Exercise objective
Identify the line with "Fröhlicher junger Paare"; copy word for word that line and every one after it, to the end of the listing. Exclude pictures.

Input data
● ● ● ● ●

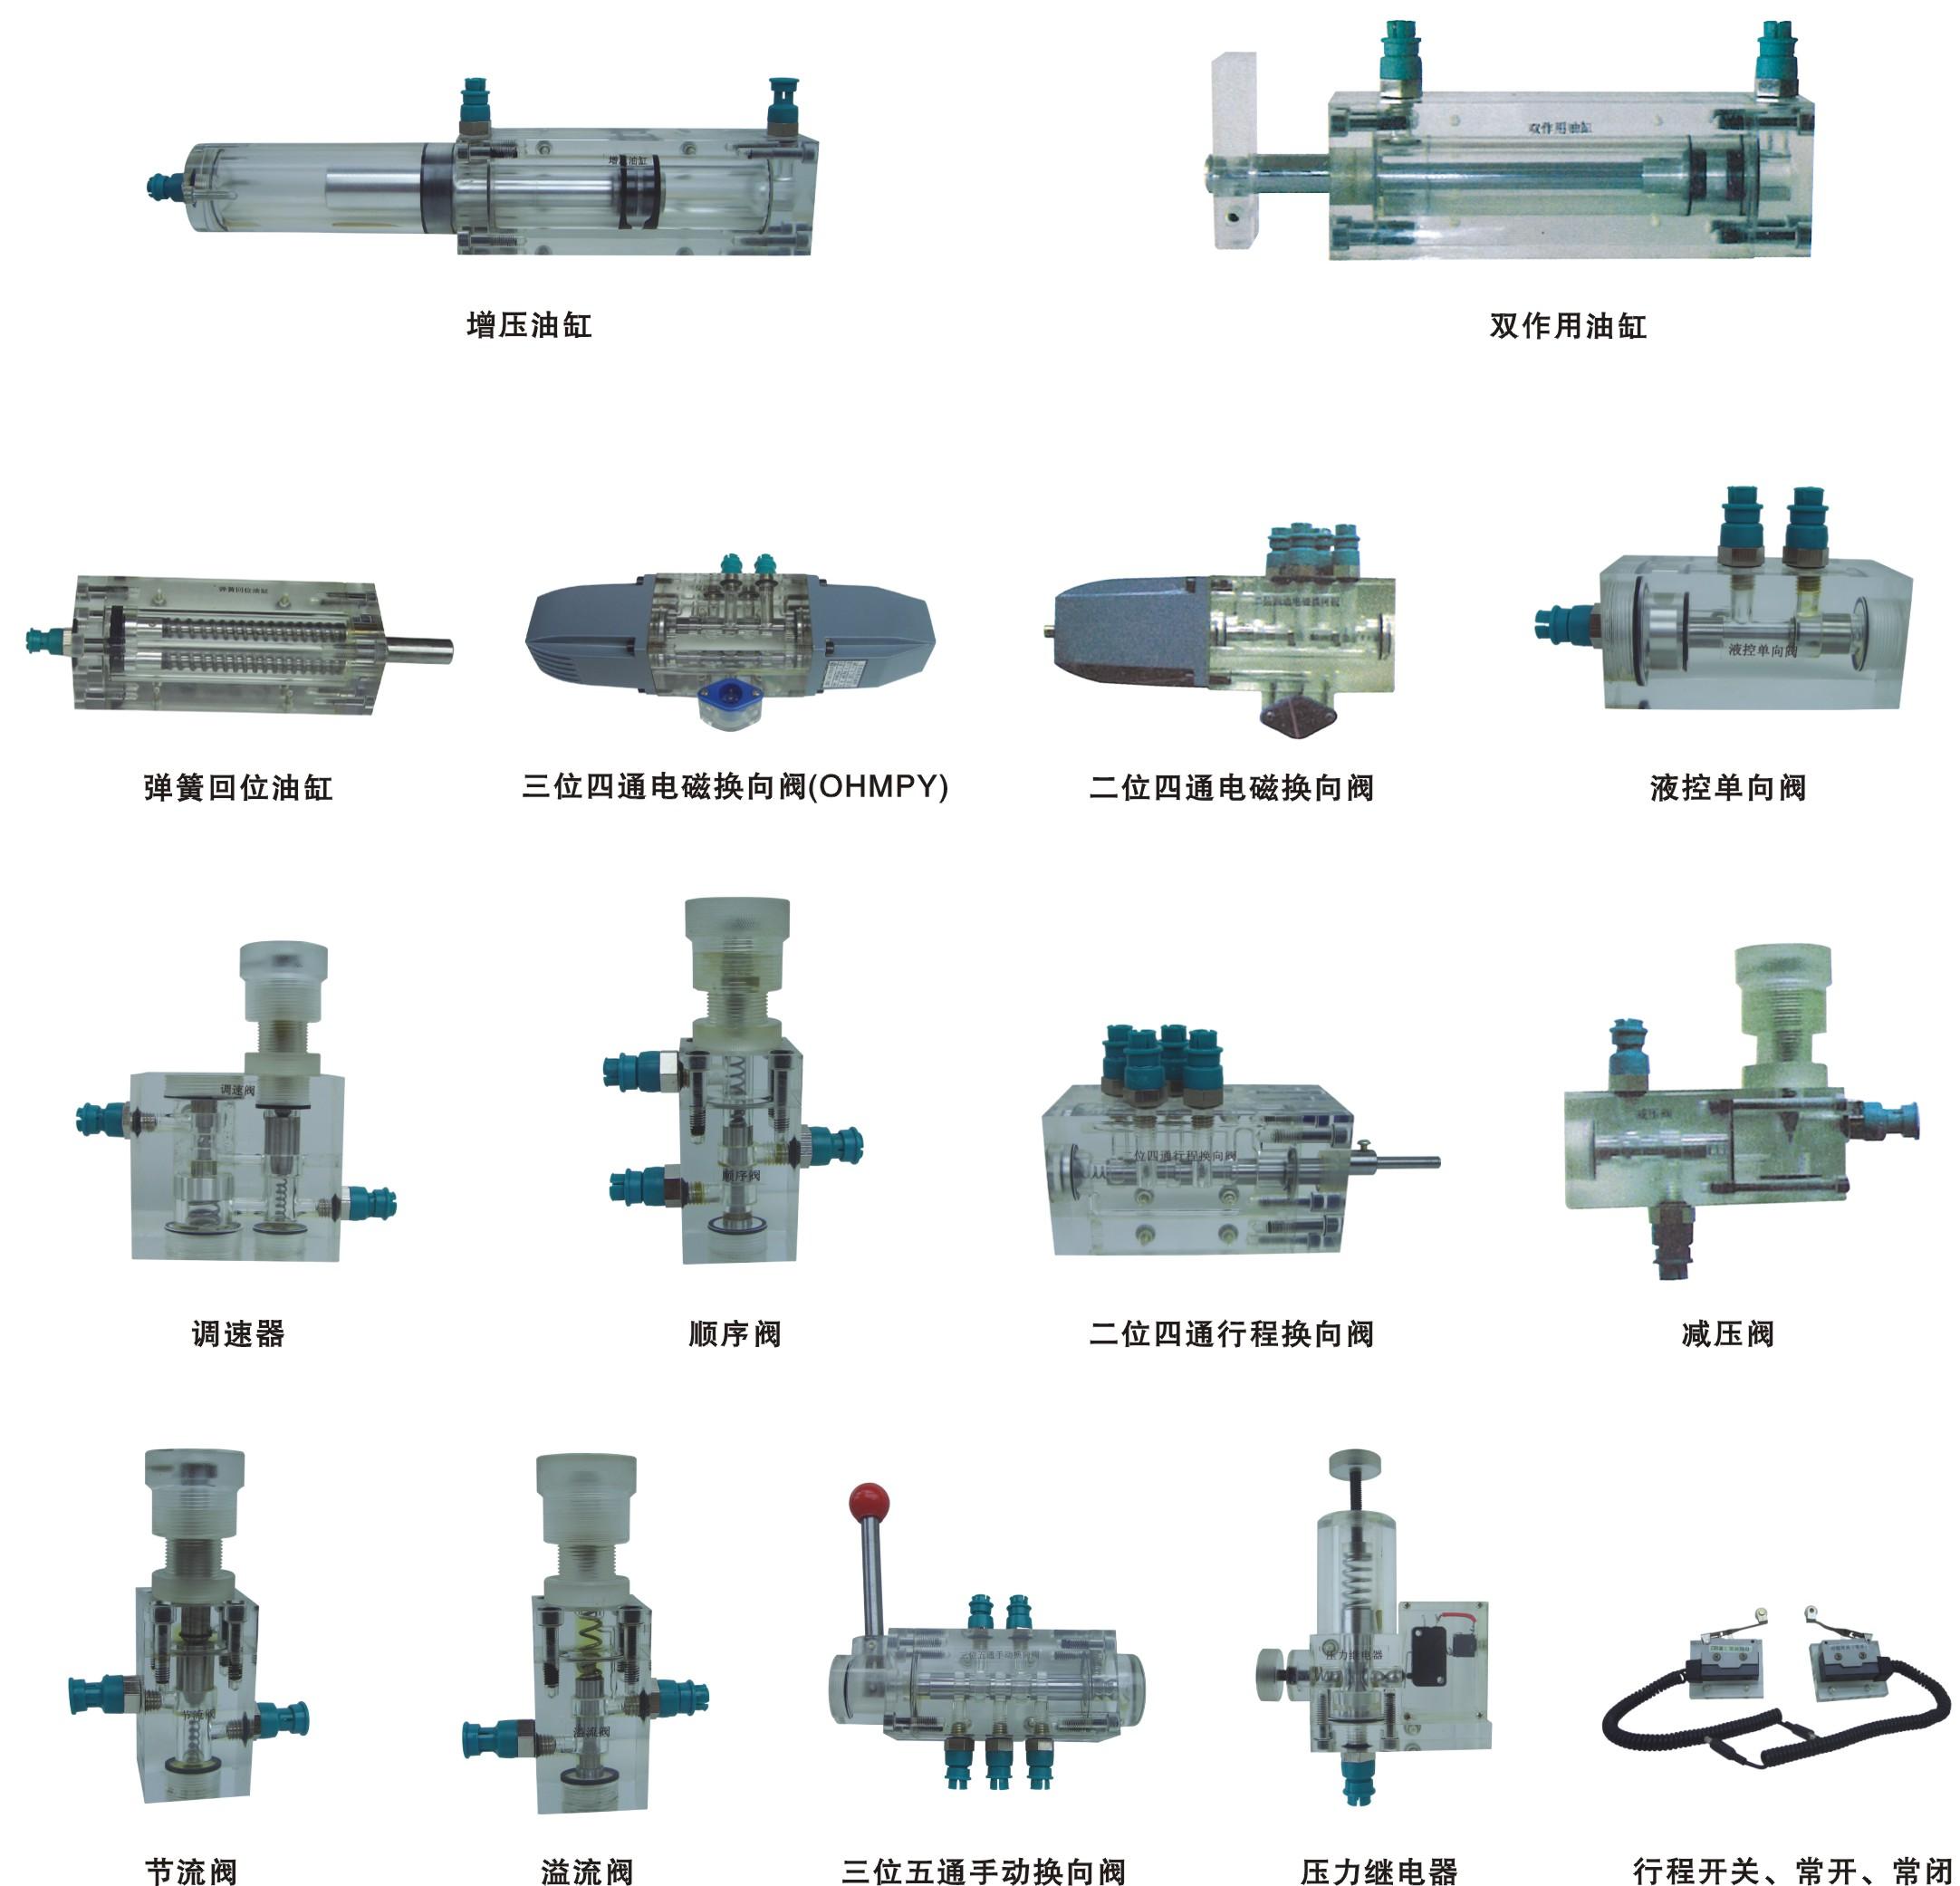 电源模块,plc控制模块,继电器控制模块,控制按钮模块,液压元件独立
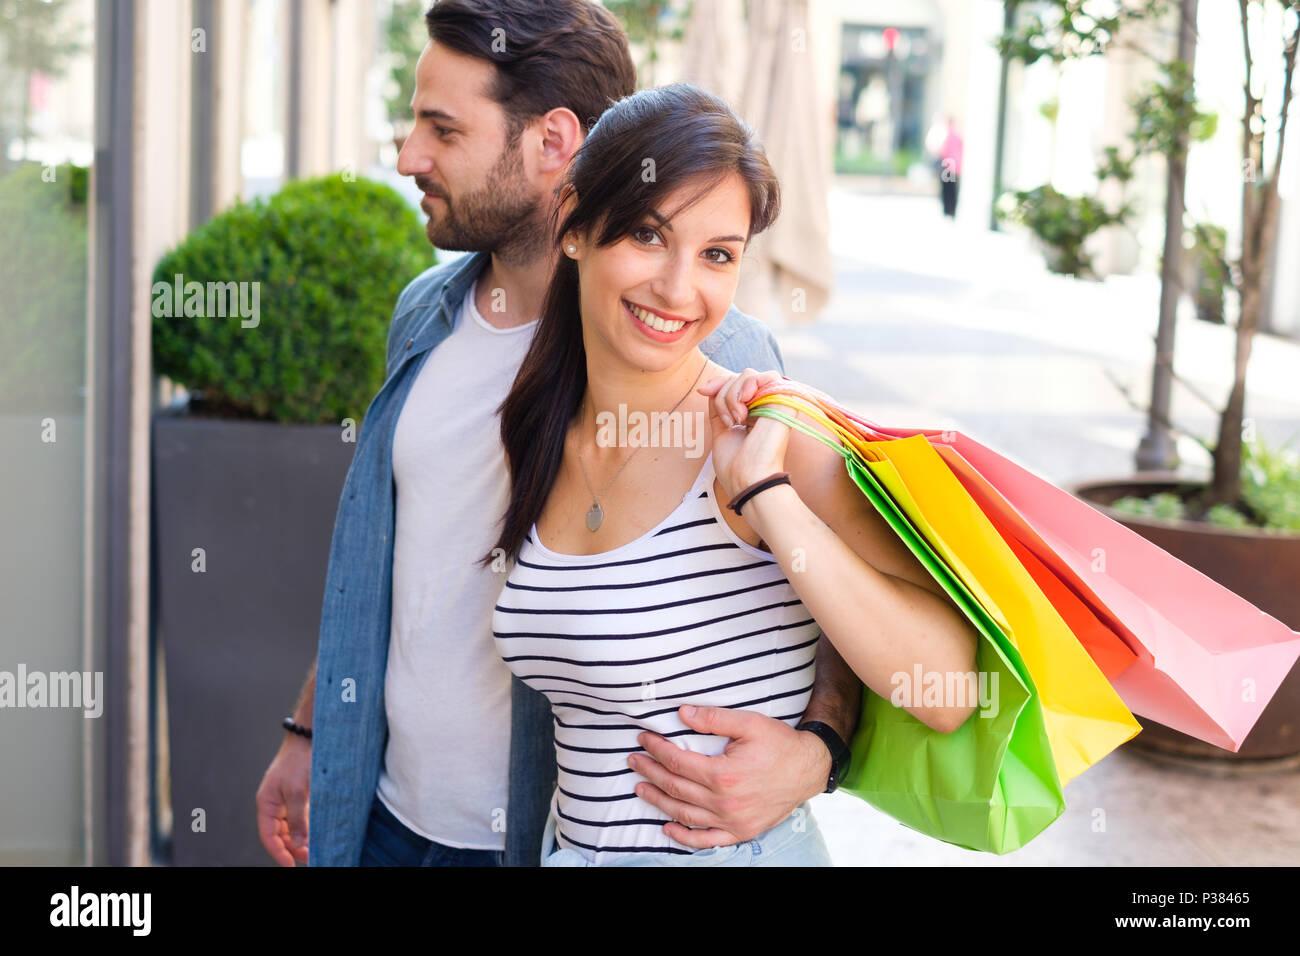 Fröhlicher junger Paare zusammen Einkaufen in der Stadt Spaß Stockbild
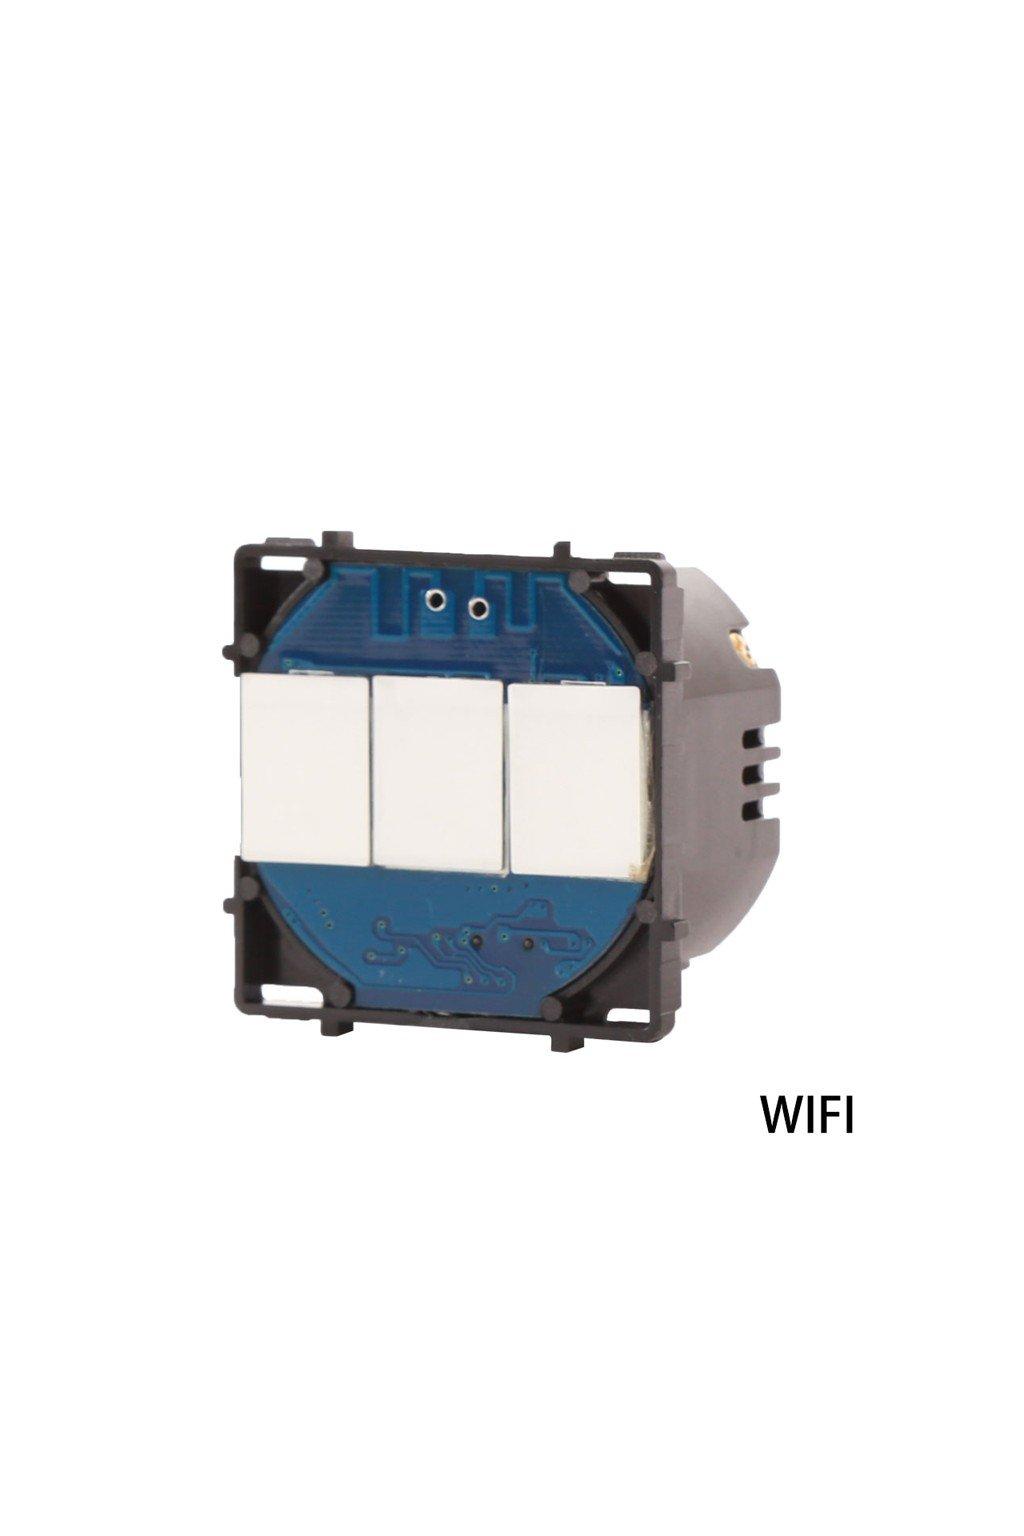 Dotykový modul WIFI - Stmievač - radenie č.1
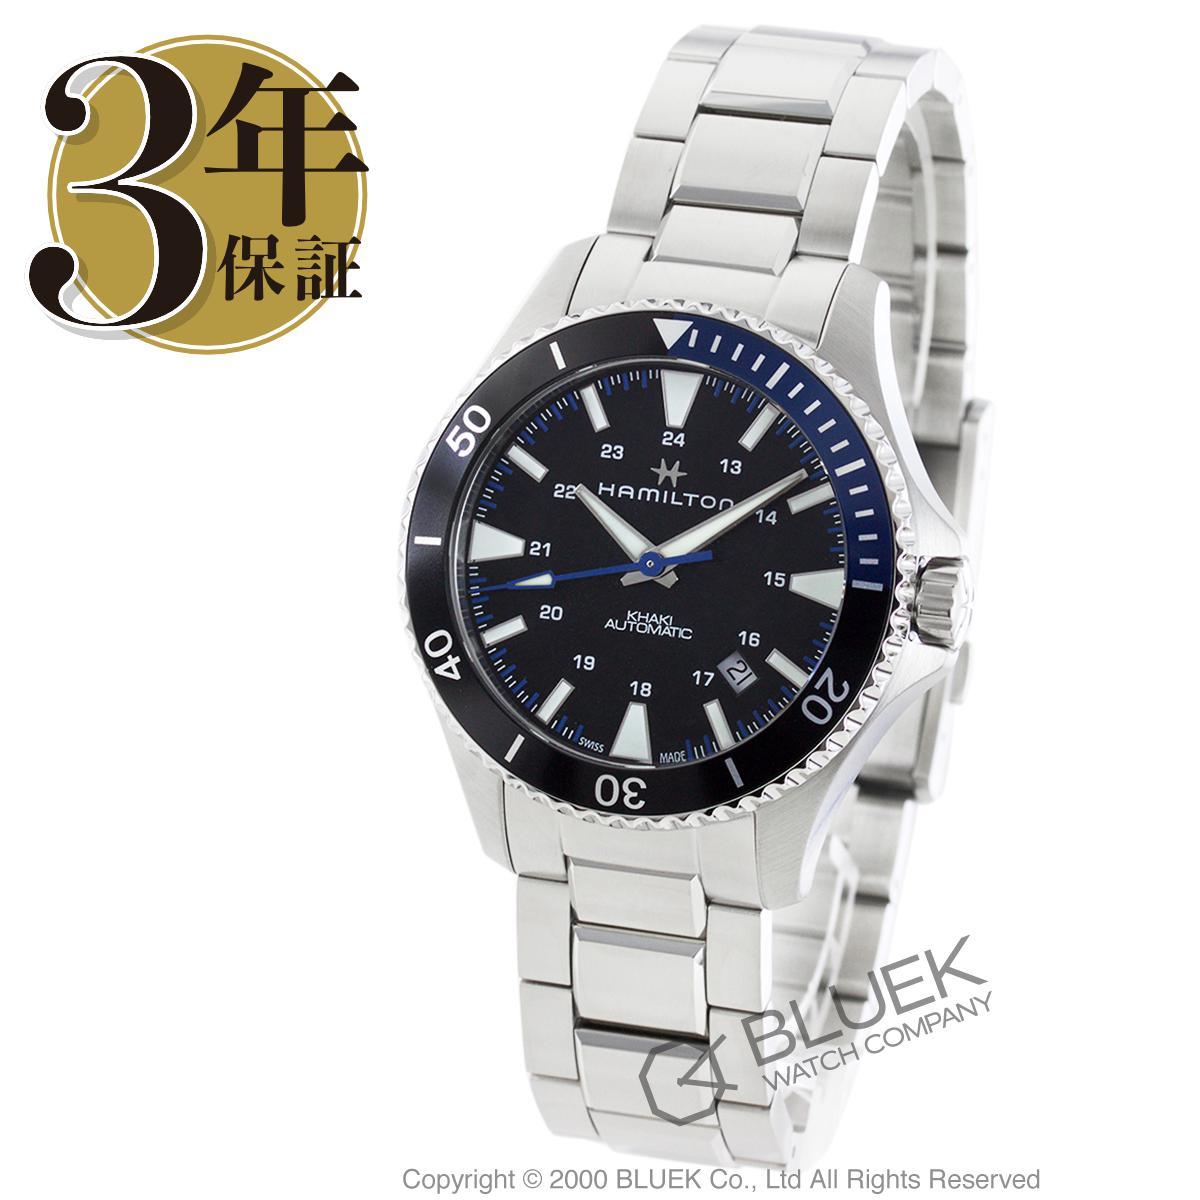 ハミルトン カーキ ネイビー スキューバ オート 腕時計 メンズ HAMILTON H82315131_8 バーゲン 成人祝い ギフト プレゼント

● ● ● ● ●

Task solution
 Fröhlicher junger Paare zusammen Einkaufen in der Stadt Spaß Stockbild
 Dotykový modul WIFI - Stmievač - radenie č.1
 ハミルトン カーキ ネイビー スキューバ オート 腕時計 メンズ HAMILTON H82315131_8 バーゲン 成人祝い ギフト プレゼント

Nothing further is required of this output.